Third, the negative influence of the U.S.-provoked trade war will affect the global economy. According to UNCTAD, foreign direct investment (FDI) worldwide dropped by 23% in 2017, and 41% in the first half of 2018. Additionally, it dropped by over 40% among developed countries in 2018.

Although FDI in China increased 3% last year, the foreign investment growth rate dropped significantly. The global trade growth rate also dropped sharply for the past two years. And now, the deepening trade war brings even greater risks. The International Monetary Fund has lowered its global economic growth rate estimate for 2019 three times in a row from 3.9% to the current 3.3%. This economic downturn has been caused by the uncertainty and risk the world economy faces as a result of the trade war launched by the U.S.

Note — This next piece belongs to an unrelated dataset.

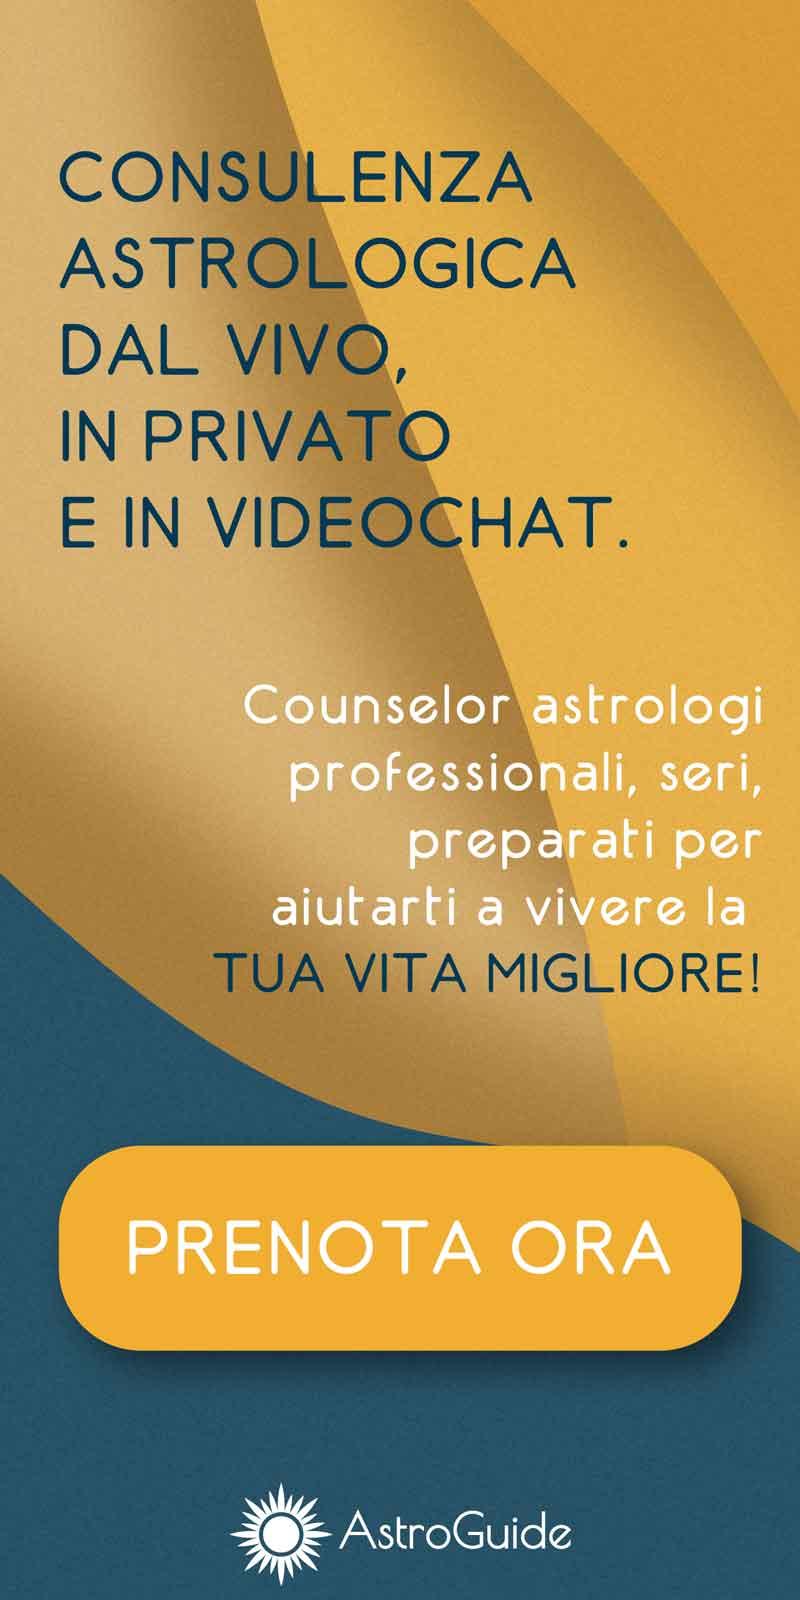 astrologia dal vivo

In addition, the Donald Trump administration is trying to create an America First policy and realize so-called "American supremacy" through the trade war, but it is just a fantasy.


Joe Haire, a ginseng farmer, on his farm in Wisconsin on July 25, 2018. He said he hopes for an end to China-U.S. trade friction to ensure the export of his goods to China. [Photo/Xinhua]

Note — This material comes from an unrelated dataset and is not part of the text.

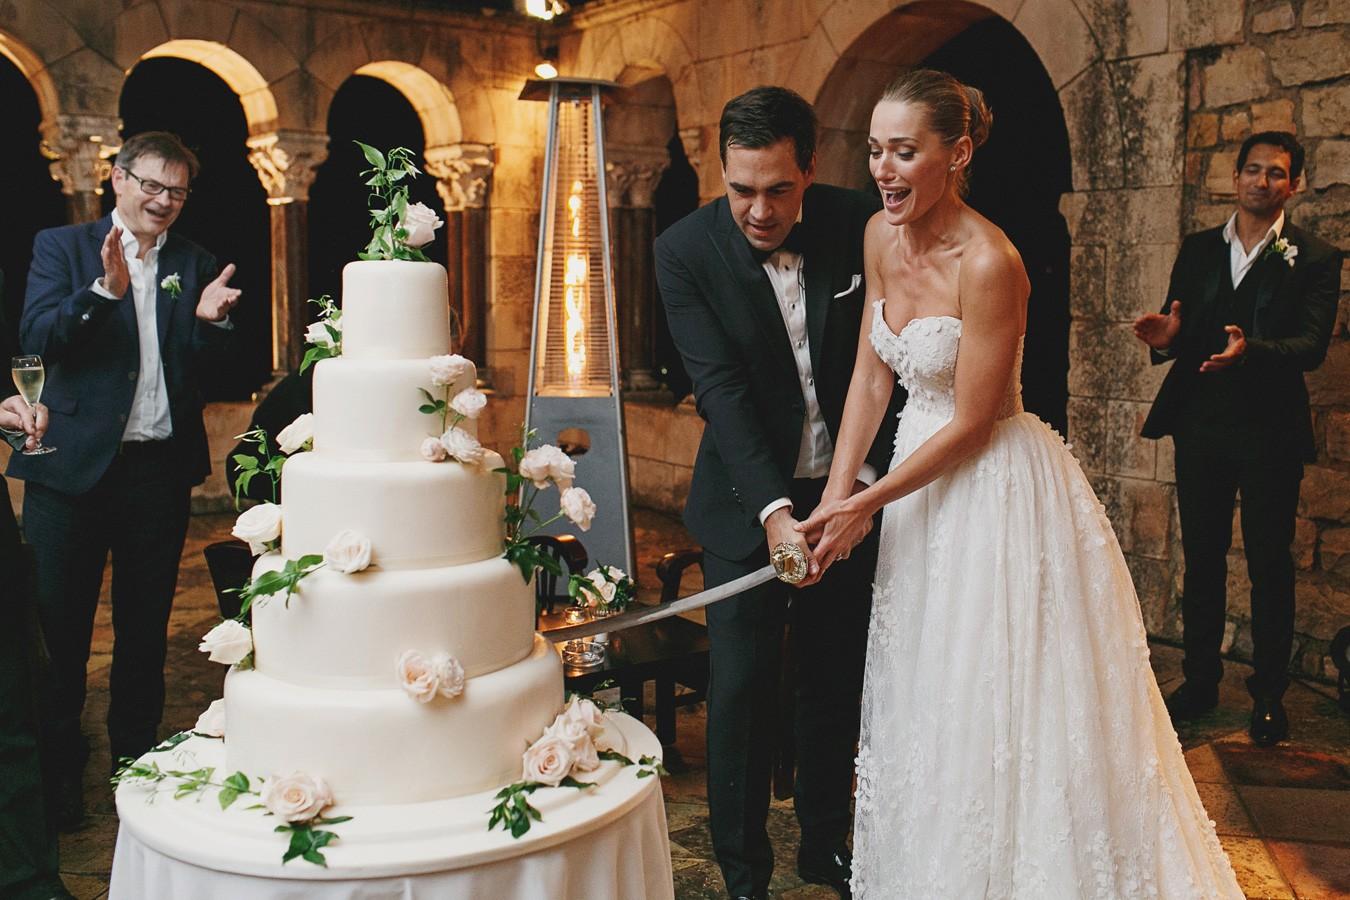 South France Wedding Dress

The global industrial, supply, service and value chains are closely linked, yet the U.S. is still using traditional methods to wage a modern trade war. As we all know, two thirds of global trade is composed of intermediate and investment products. When the U.S. imposed additional tariffs on US$50 billion worth of Chinese imports, 73% of these products were intermediate and investment products. When the U.S. imposed additional tariffs on US$200 billion worth of Chinese imports, 78% of them were these products.

Such a large proportion of intermediate and investment products provide U.S. enterprises with products required as part of their industrial chain and U.S. consumers with inexpensive, high-quality goods, while U.S. importers earn profits from the circulation of these products. In terms of practical consequences, 90% of the tariffs imposed by the U.S. will be borne by importers, which will ultimately pass to U.S. enterprises, consumers and farmers, inevitably lowering social welfare in the U.S.

Moreover, the tariffs will have a greater impact on the U.S. than on China. The new tariffs directly affect U.S. exports' access to the Chinese market. The major market for many hi-tech products and core parts is China. Hi-tech and advanced products must enter the global industrial chain, since they are of no value without access to markets. Practices against economic laws will merely accelerate the decline of the U.S. and trigger social problems and deep-seated economic risks at a crucial time.

Finally, dependence on foreign trade was as high as 60% in the early years of China's reform and opening up before dropping to 50% a decade ago and standing at around 30% currently. China is experiencing industrial restructuring and the structural change of supply and demand in domestic and foreign markets. As a result, the resilience, space and flexibility of economic development in China is sound. The U.S. escalating tariffs will not curb China's development.

The author is chief economist of the China Center for International Economic Exchanges.